Carmela Marie Santos
Pulangiyēn youth leaders gathered in Bendum in Bukidnon, Philippines from 6 to 9 January 2026 to greet the New Year in the spirit of reflection and community life. There were 32 participants that included Grade 11 and 12 students from the Apu Palamguwan Cultural Education Center (APC) school and members of the APC forest and water management teams serving the Pulangiyēn community who came together for a pagtimbaya.
The learnings from the RAOEN community process highlight the importance of exploring how to manage emotions that are seen as important to explore further with the Pulangiyēn youth as they increasingly live in rural-urban diversity. This emotional processing contributes to the deepening of the capacity to reflect.
Feelings and the faith
The welcoming pagtimbaya or salubong of a new year is a passage both of time and also of feelings. To recognize and to be able to name a dominant emotion is both skill and grace as it brings a person to the journey of self, family, and community in the previous 365 days.

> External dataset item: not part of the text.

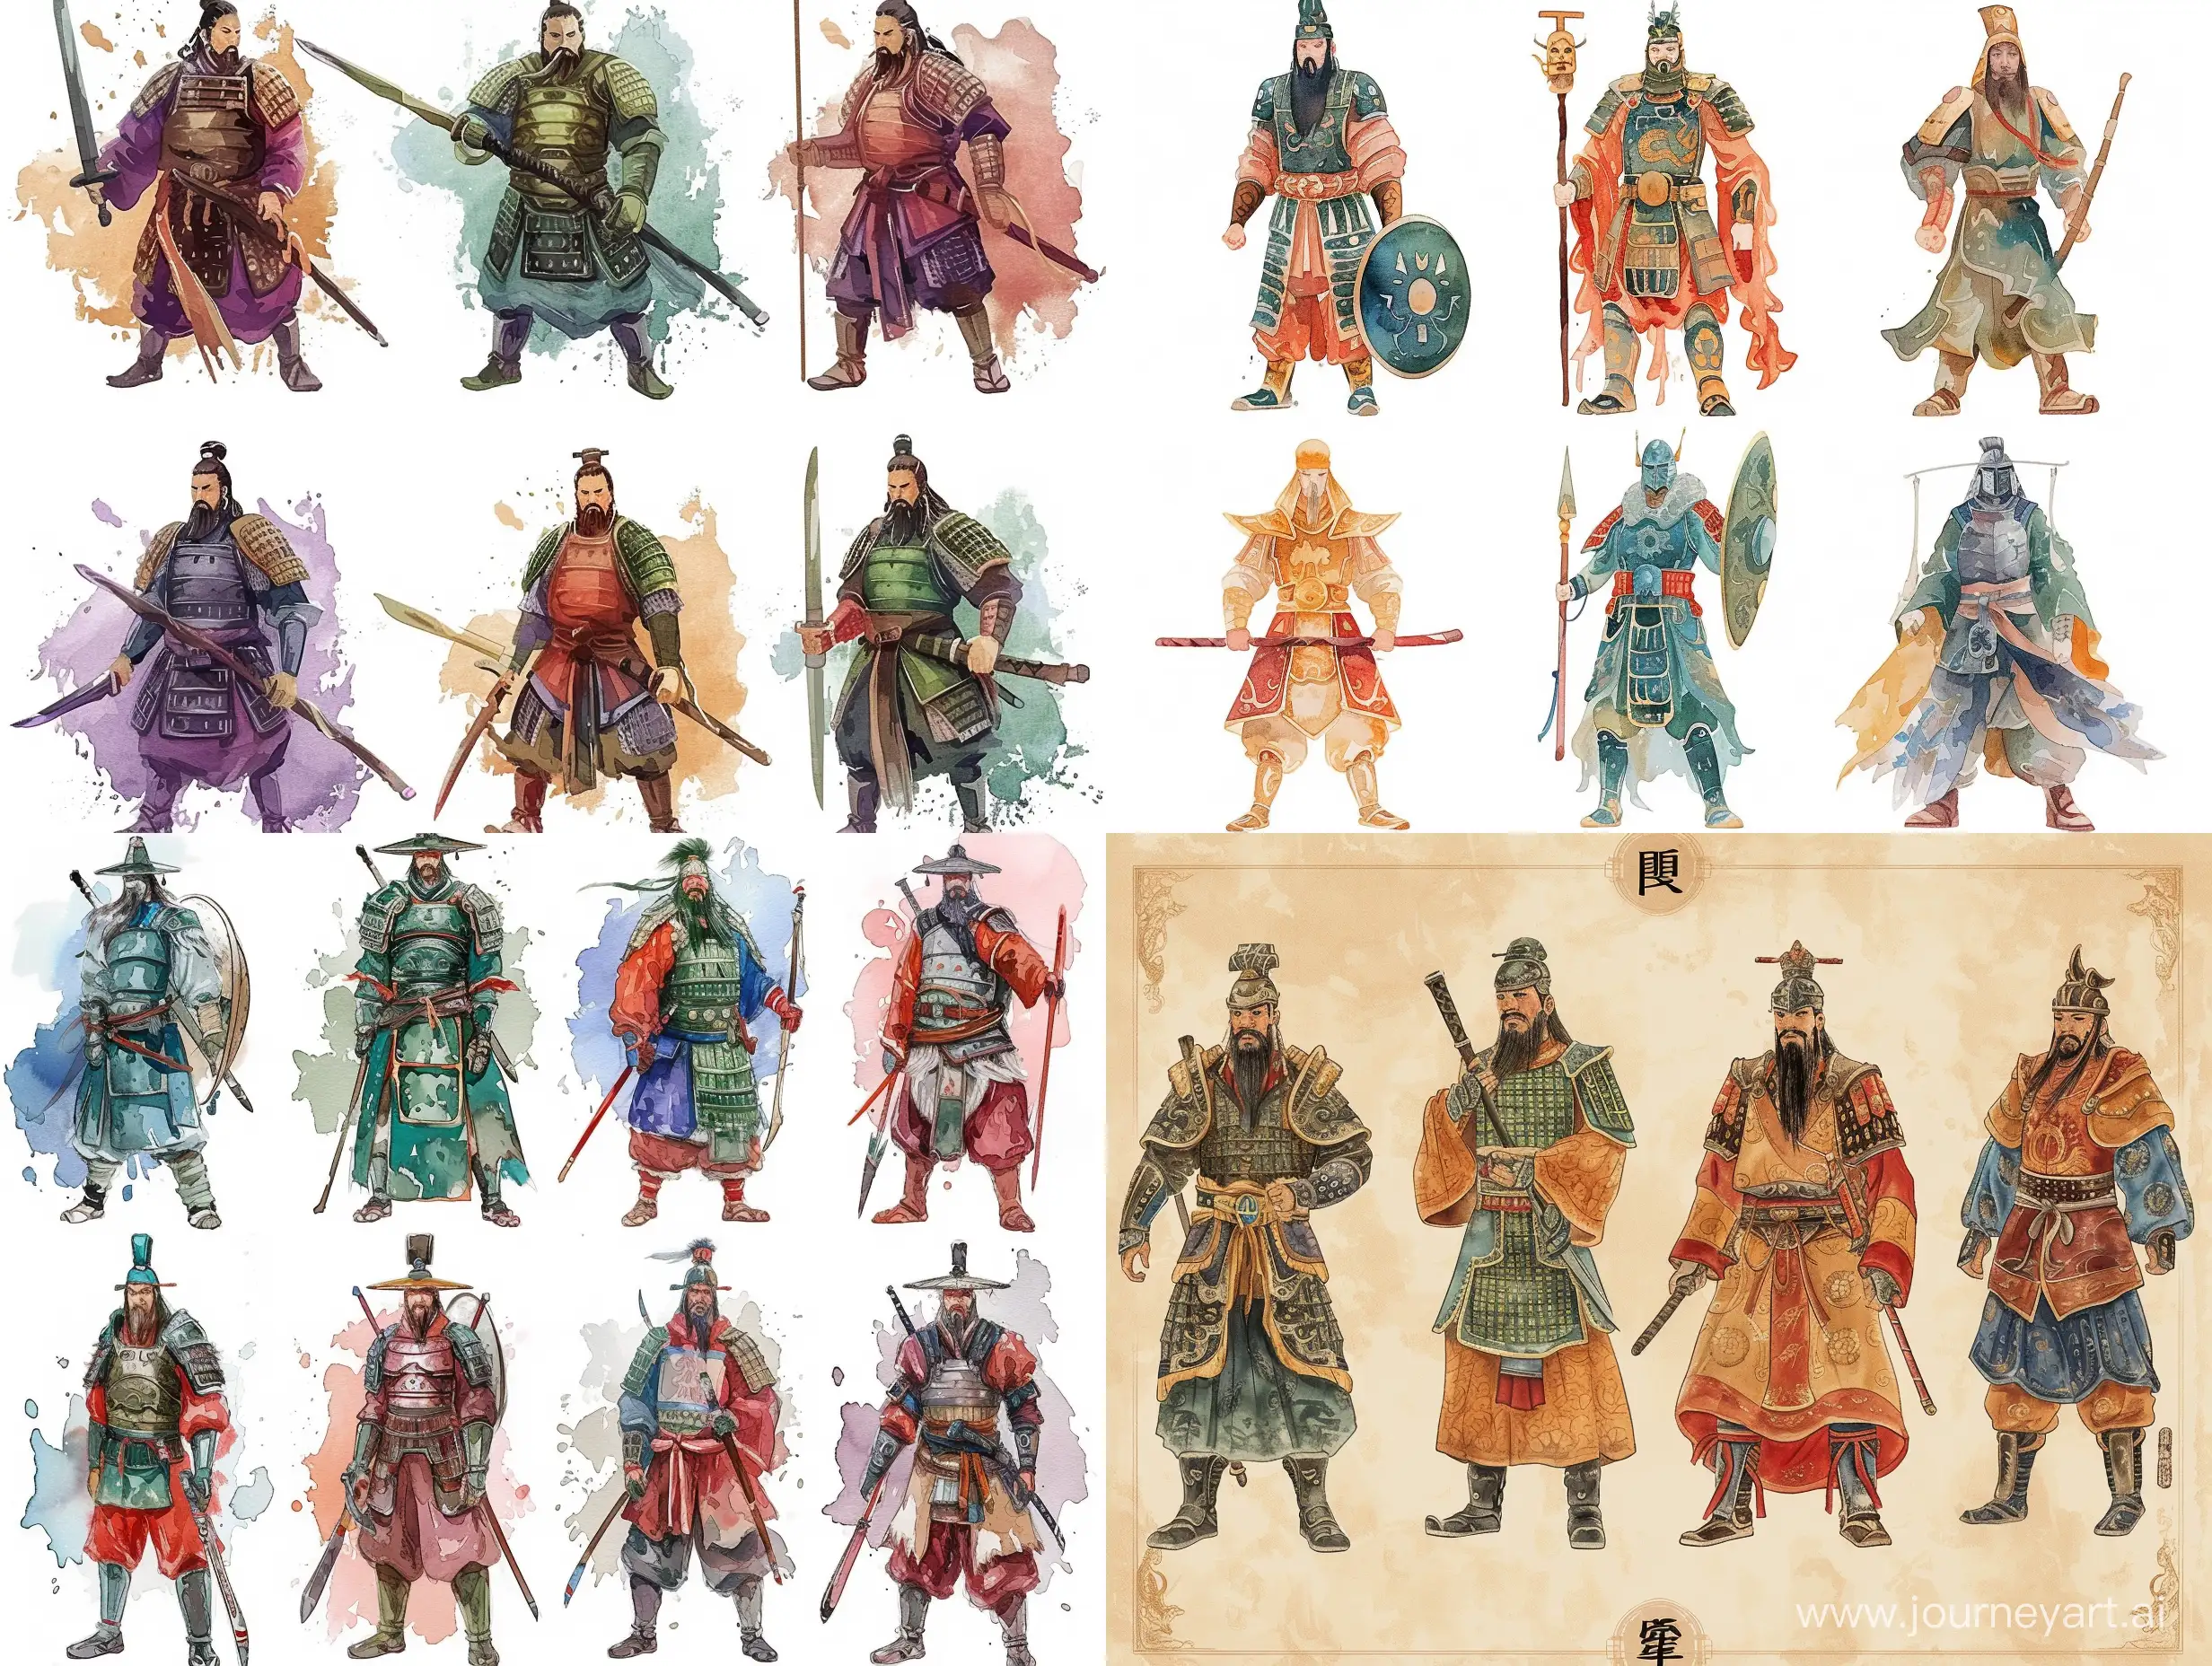 Six-Stylized-Caricatures-of-Ancient-Chinese-Warriors-in-Decorative-Watercolor-by-Victor-Ngai

For the indigenous youth, translating the Feelings Wheel into their own language was an exercise of embracing and owning up to the feelings that wrapped their 2025.
On one hand, dominant feelings were of thankfulness and pride in being able to hurdle responsibilities. There also was blessedness, trust, and faith. On the other hand, there was tiredness, fears, uncertainty, hurt, and loneliness.

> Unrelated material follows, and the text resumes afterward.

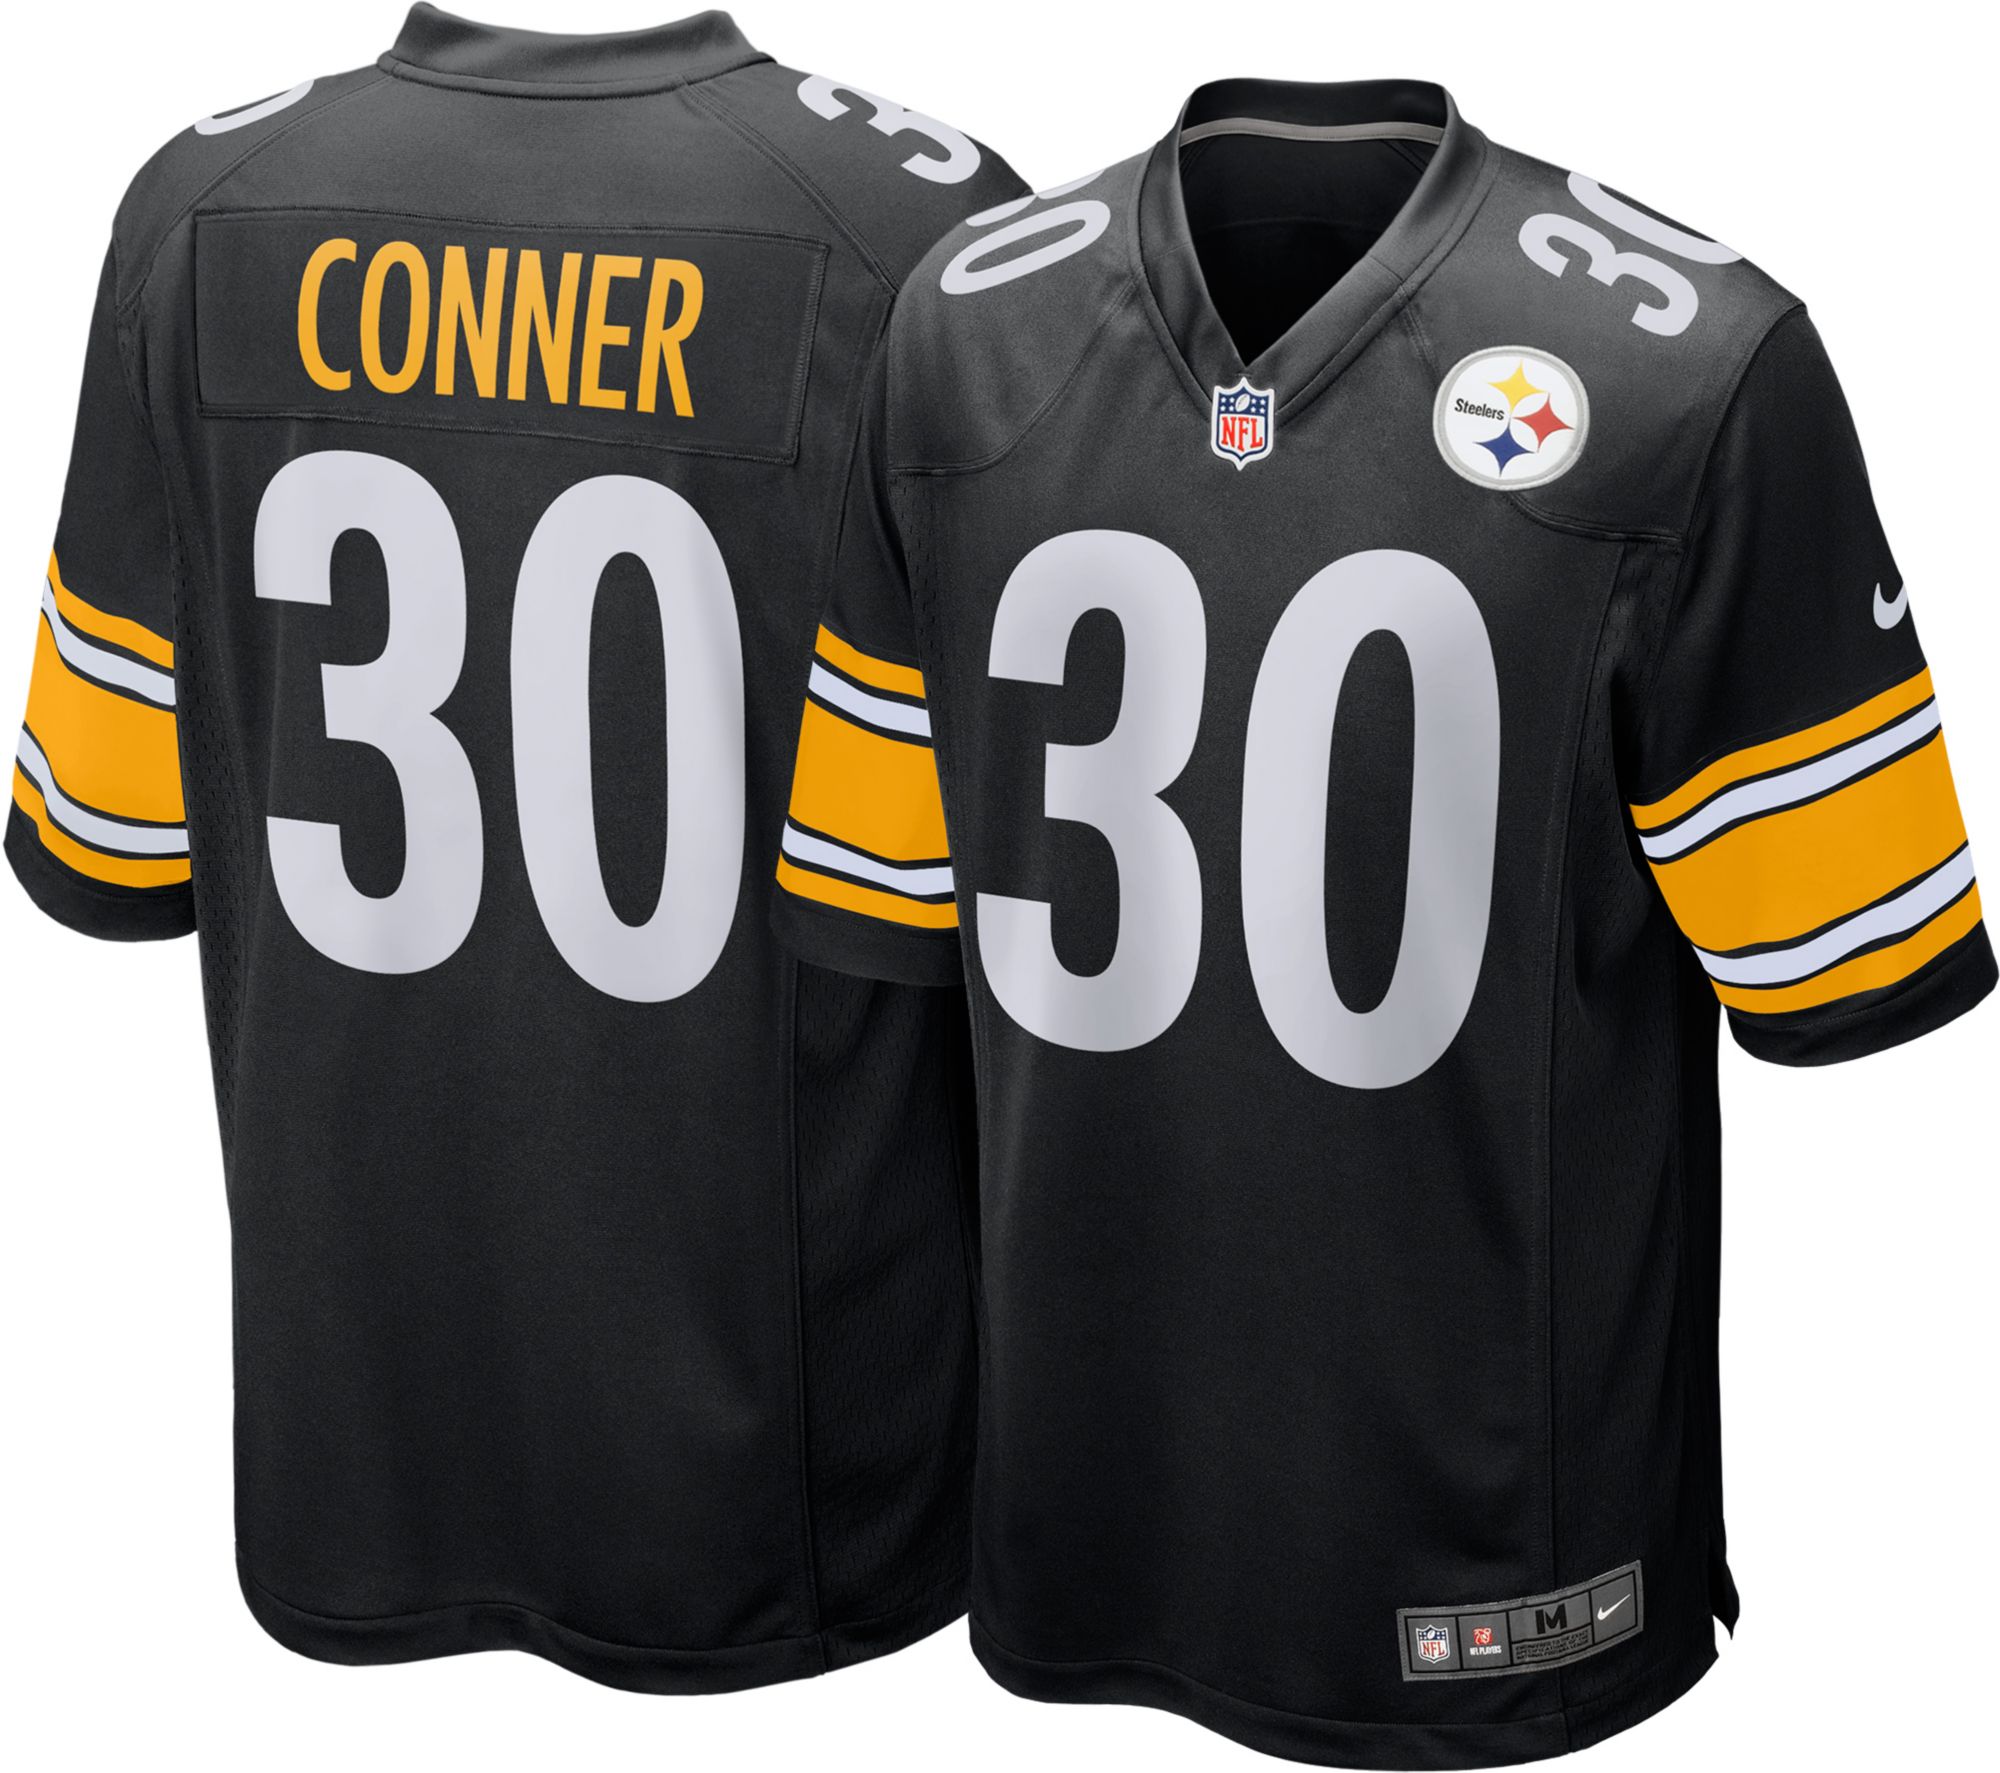 james conner jersey youth

How were they able to navigate these feelings, particularly feelings that tended to wear them down and keep them from lifegiving energy in studies or their roles in the community?
Rest and recreation (pahulay ug paglingaw-lingaw) was a response of some and for many it was reflection and prayer (pagpamalandung ug pag-ampo) and being able to share with family and keeping family as their inspiration.
Feelings and recognizing these helped guide the indigenous youth to where their inner compass points to – entrusting in a Presence beyond, to Magbabaya, Creator God..
My story and our common values as Indigenous
When tasked to recall core memories, or those that they could not forget in their childhood years, or growing up, many shared the joys of being in the land, climbing trees, bathing in the river, watching and helping out parents grow food from the land. Memories of a time when there was still no mobile technology were vivid, particularly for the indigenous who are crossing from their youth to growing their own families.

As each person shared their story, love for the land, simplicity, sense of community, peace, abundance in enoughness was a common thread as common and shared values. Being indigenous means rootedness in the land and community, even in and especially in a changing world.
The Letter: A Message for Our Earth documentary and Canopy 2050
Watching and reflecting on the 2022 documentary The Letter: A Message for Our Earth and its exclusive dialogue with Pope Francis, the Indigenous youth were moved by sadness and compassion. They were also imbued by stubborn hope and enduring pride.
They shared immense sadness for what is happening to their fellow Indigenous who are displaced and disconnected from their homes. They felt dismayed at what is happening to the corals and coastal areas, the melting of glaciers and what this means for biodiversity. There was deep compassion for their fellow youth whose childhood and growing up years are a struggle.
Yet they hold on to hope, that the story of the climate and peoples as it unfolds will not simply end in displacement and disaster of society’s own making. They see themselves not as helpless victims, but as voices bearing the value of the land and what it means for their culture. Their hearts are filled with pride in what their ancestors started, and they feel the urgency now to be able to continue, growing and restoring the forest, securing their land, water, and food.

When they walked through the Canopy 2050 in Bendum, an area reserved for forest restoration, they learned about ecological succession and the order in the forest regeneration: pioneer species, pillar, and filler species. They recognized that their ancestors are like the pioneer species who now have only a decade or so to live. They are preparing themselves to take on the role of the pillar species to sustain the forest and their community.
If they are able to do this, sustain the forest and their community and culture, they realize that the benefits of the forest and their culture go beyond their own local community. In an era of the climate crisis, they see how the local communities and forests help the wider community and world with which they share a biome: a network of ecosystems. A youth student shared: “We belong under one sky, where the water passes from stream, flowing to the rivers and the Ocean that binds us in Our Common Home.”
Our common message
In revisiting their common message of the Indigenous youth (From Ancestral Wisdom to Global Hope: A Call for Ecological Conversion and Intergenerational Solidarity) read at COP30 in Belém, Brazil in November 2025, there was a common resolve to continue knowing who they are, to grow into indigenous wisdom and leadership, to remember not only who they are but why they are here, why they study, and who they can become for the community.
As 2025 gives way to 2026, the salubong of the new year is both a passage of time and feelings and a passing through of values, core identity as indigenous and the common desire to deepen the faith, the care, and hope for the land.
Carmela Marie Santos is RAOEN’s Regional Coordinator for Southeast Asia.